_INFORMATION SHOWN_
——————————

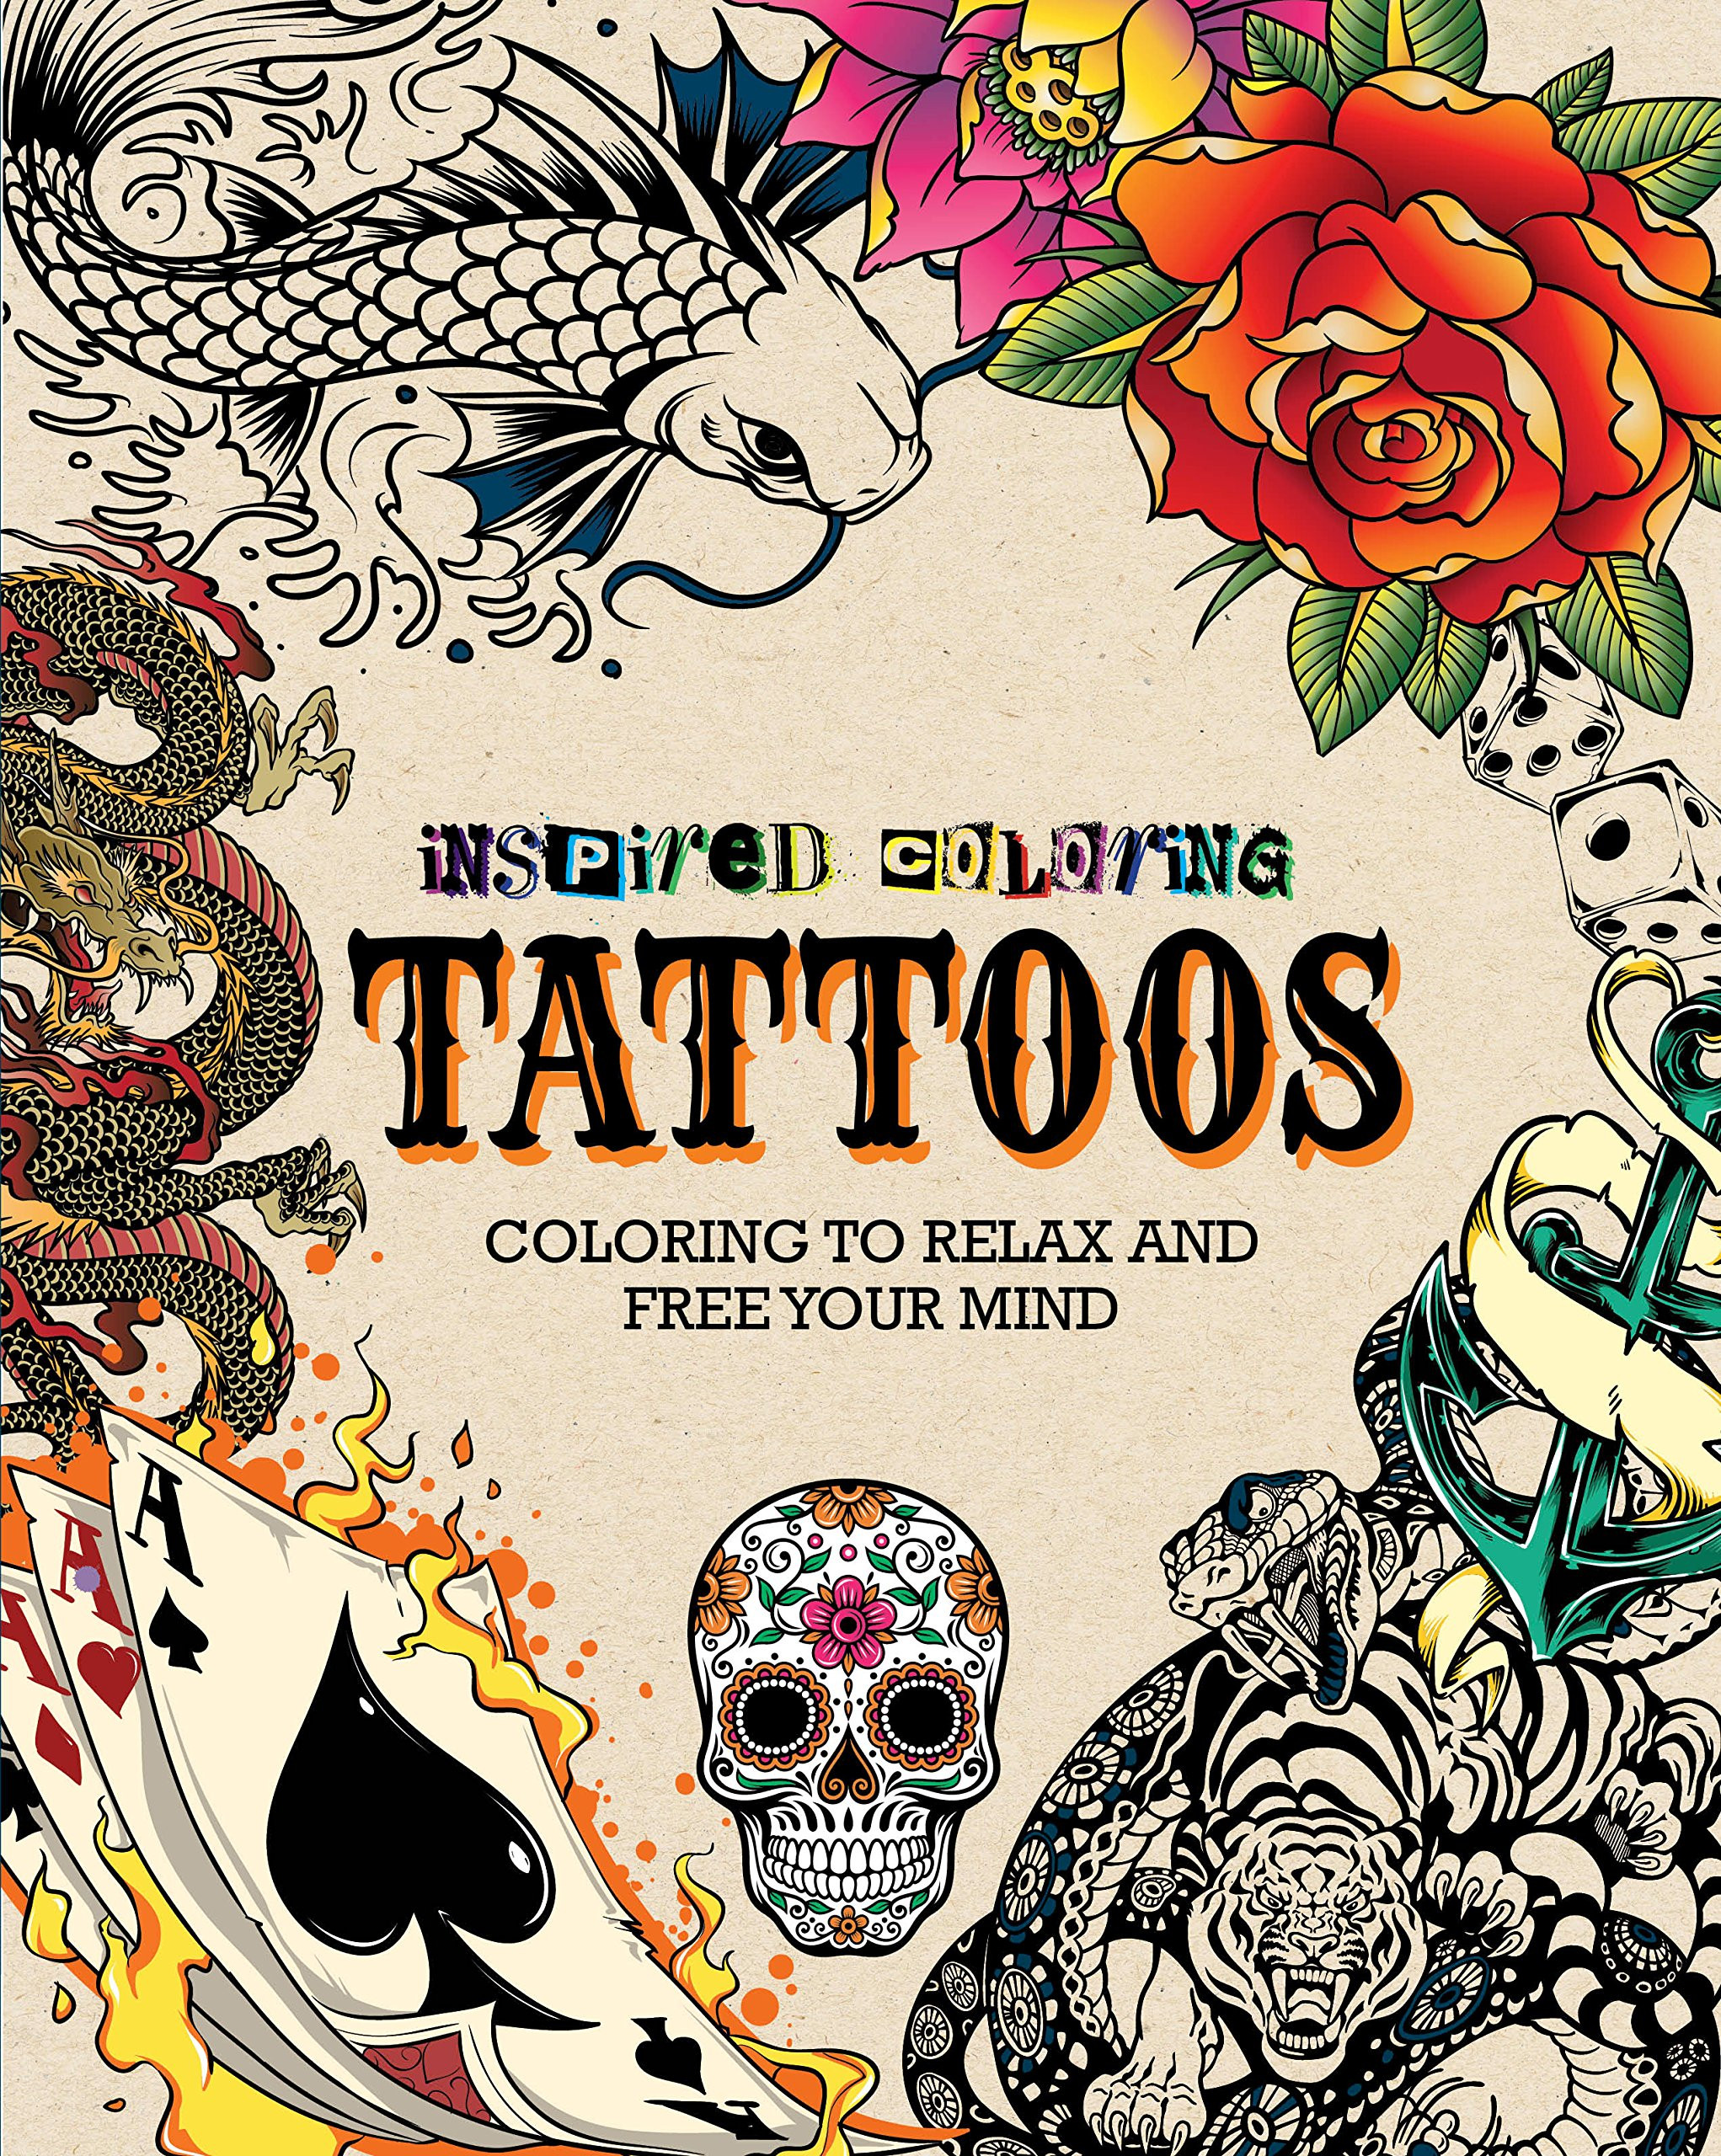 Best Coloring Books For Adults
 The 21 Best Adult Coloring Books You Can Buy
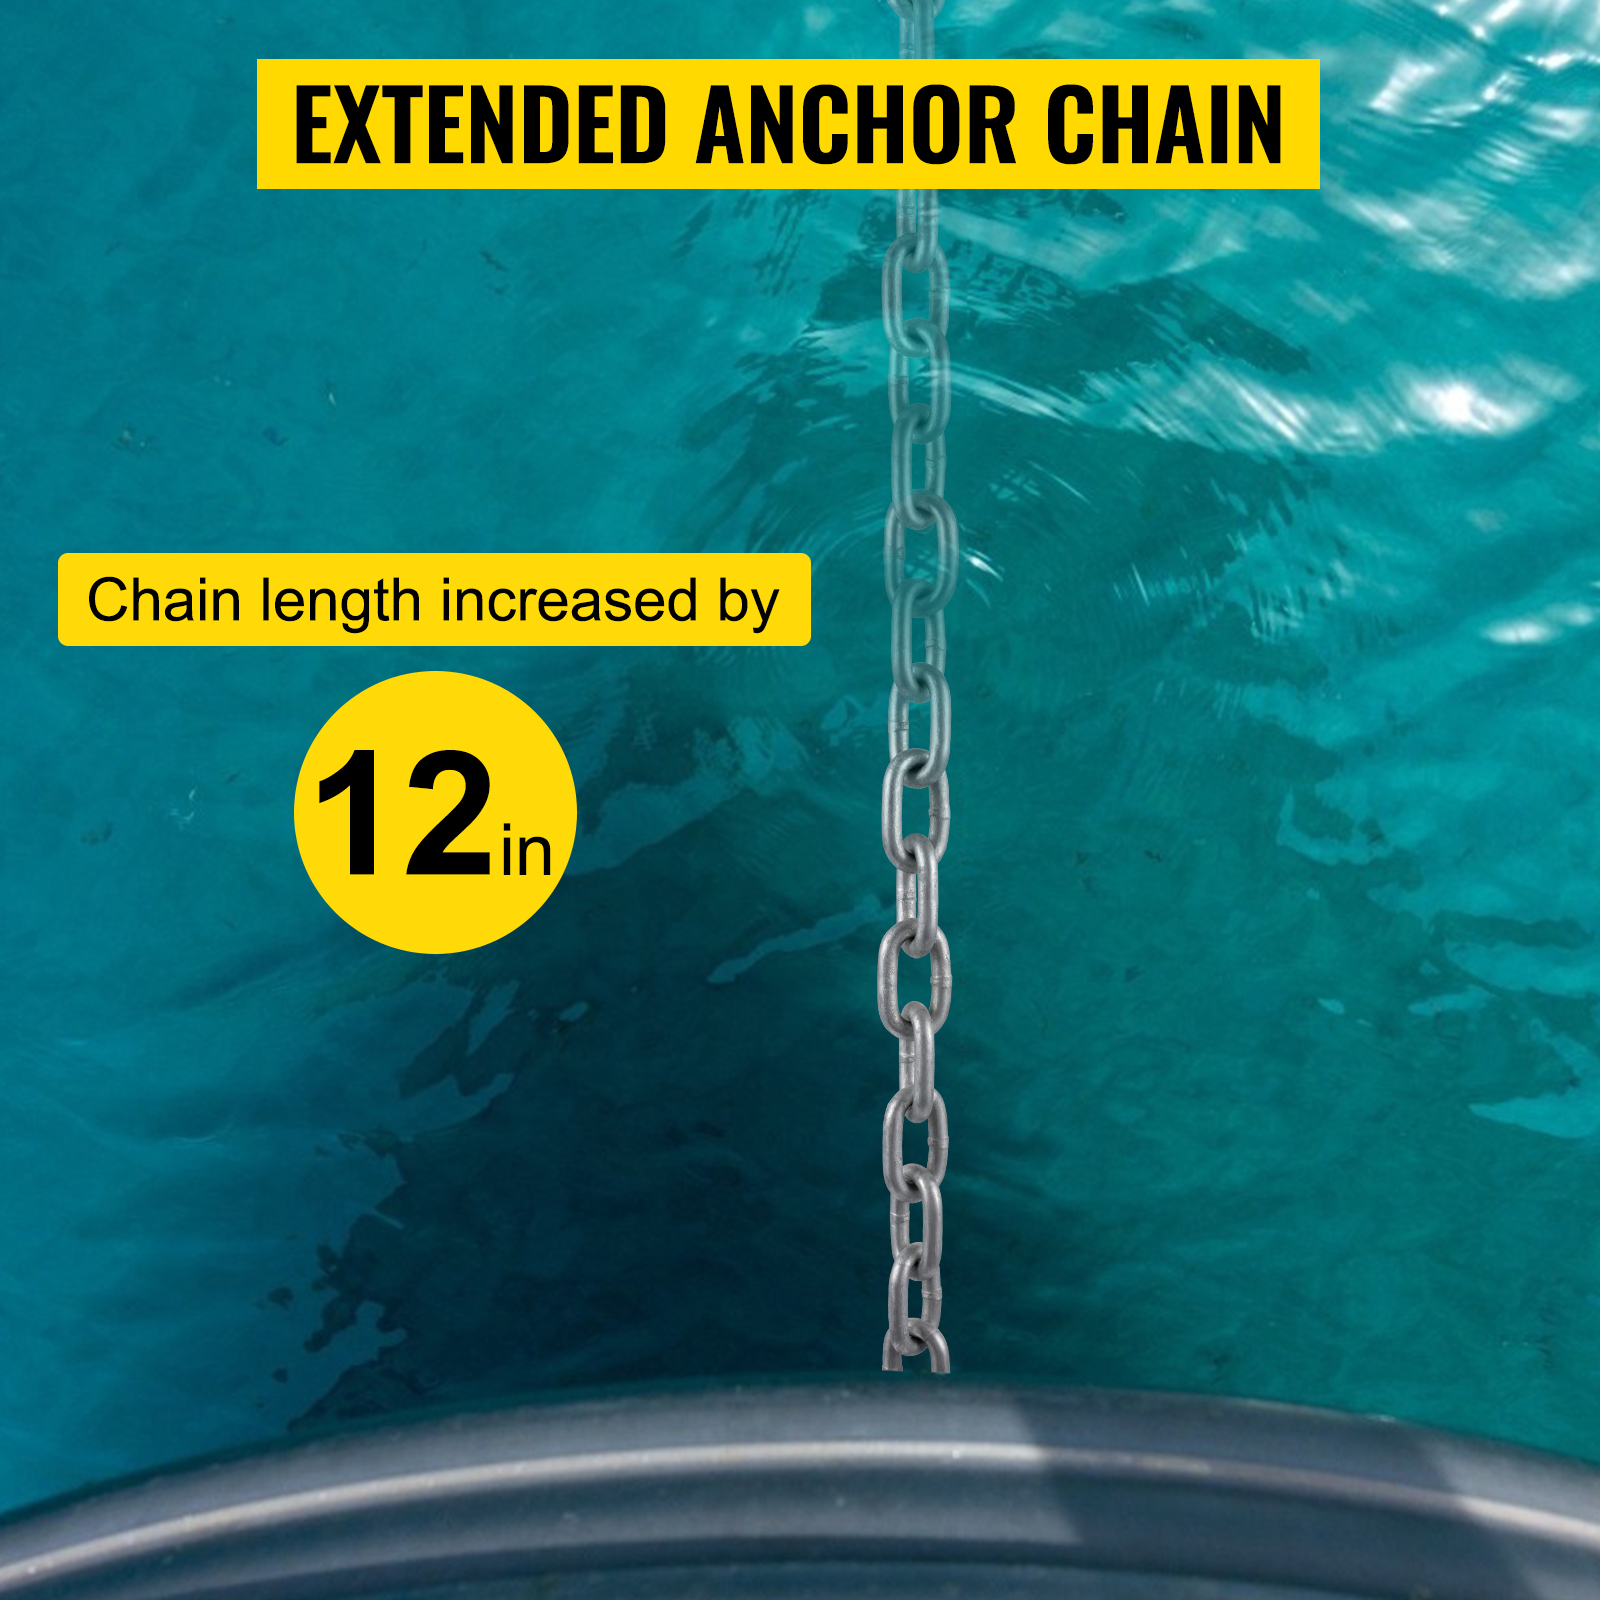 VEVOR Anchor Rode and Chain, 15' x 5/16 Boat Anchor Chain, 1/2 x 200

——————————

The whole listing above is to be printed exactly; the pictures stay out.

 Best Coloring Books For Adults
 The 21 Best Adult Coloring Books You Can Buy
 VEVOR Anchor Rode and Chain, 15' x 5/16 Boat Anchor Chain, 1/2 x 200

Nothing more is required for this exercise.